GSA / data.gov

Main repository for the data.gov service
https://data.gov
Other
634 stars 100 forks source link

Dataset deleted from harvest source does not get deleted on catalog #3239

Open FuhuXia opened 3 years ago

FuhuXia commented 3 years ago

User reports dataset stays on catalog even it was absent on harvest source.

How to reproduce

https://admin-catalog-next.data.gov/dataset/south-carolina-marine-bird-density

Expected behavior

404

Actual behavior

not 404 on admin site.

It was manually deleted upon user request. So on the public site, https://catalog.data.gov/dataset/south-carolina-marine-bird-density is 404 now.

Sketch

[Notes or a checklist reflecting our understanding of the selected approach]
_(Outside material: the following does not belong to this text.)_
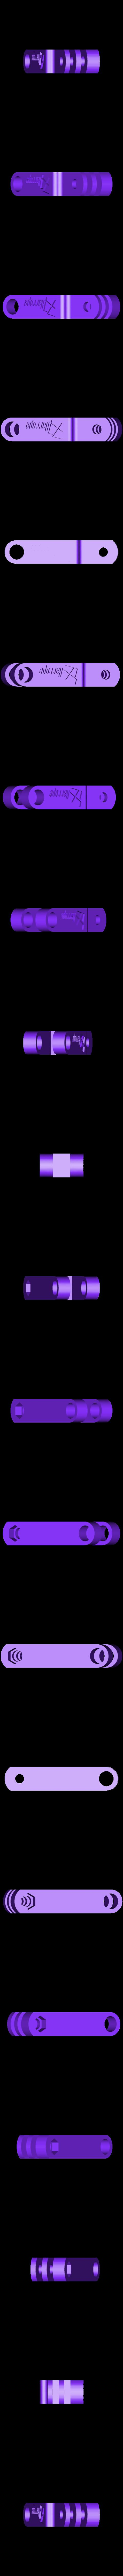 TiltGoPro.stl Download free STL file Tilt free GoPro • 3D printing model, GuillermoMaroto

FuhuXia commented 3 years ago

Even though issue #2981 found specific (so far) to data.json harvest source can create same sticky datasets, on the backend it is different issue. This dataset has a HO link in the DB, even it does not show on the UI. In the harvest_object table it shows the dataset was harvested from a harvest source with a weekly schedule, three months later it gets an error during anther harvest job, then it stays that way for a few months until it was manually deleted today.

-[ RECORD 1 ]-----+-------------------------------------
id                | cb2166d8-1a45-418f-b924-66f64fb78a57
guid              | gov.noaa.nmfs.inport:56825
gathered          | 2021-02-02 17:23:36.074109
fetch_finished    |
state             | ERROR
harvest_job_id    | 6687b6a6-7d5b-46f8-8029-380a4c170652
harvest_source_id | c0121fd9-df15-4168-ac04-42f6e36a794d
-[ RECORD 2 ]-----+-------------------------------------
id                | f34cdba2-3fb6-4a04-8270-4f908bf1c162
guid              | gov.noaa.nmfs.inport:56825
gathered          | 2020-11-11 17:17:06.989651
fetch_finished    | 2020-11-12 10:25:38.551609
state             | COMPLETE
harvest_job_id    | f1ab16e6-6a18-4159-b38c-0442ef8793e3
harvest_source_id | c0121fd9-df15-4168-ac04-42f6e36a794d
FuhuXia commented 3 years ago

Dataset south-carolina-marine-bird-density is not a good demo any more since it was manually deleted, but I think we can find other dataset in the same harvest source that can be used to demo the issue.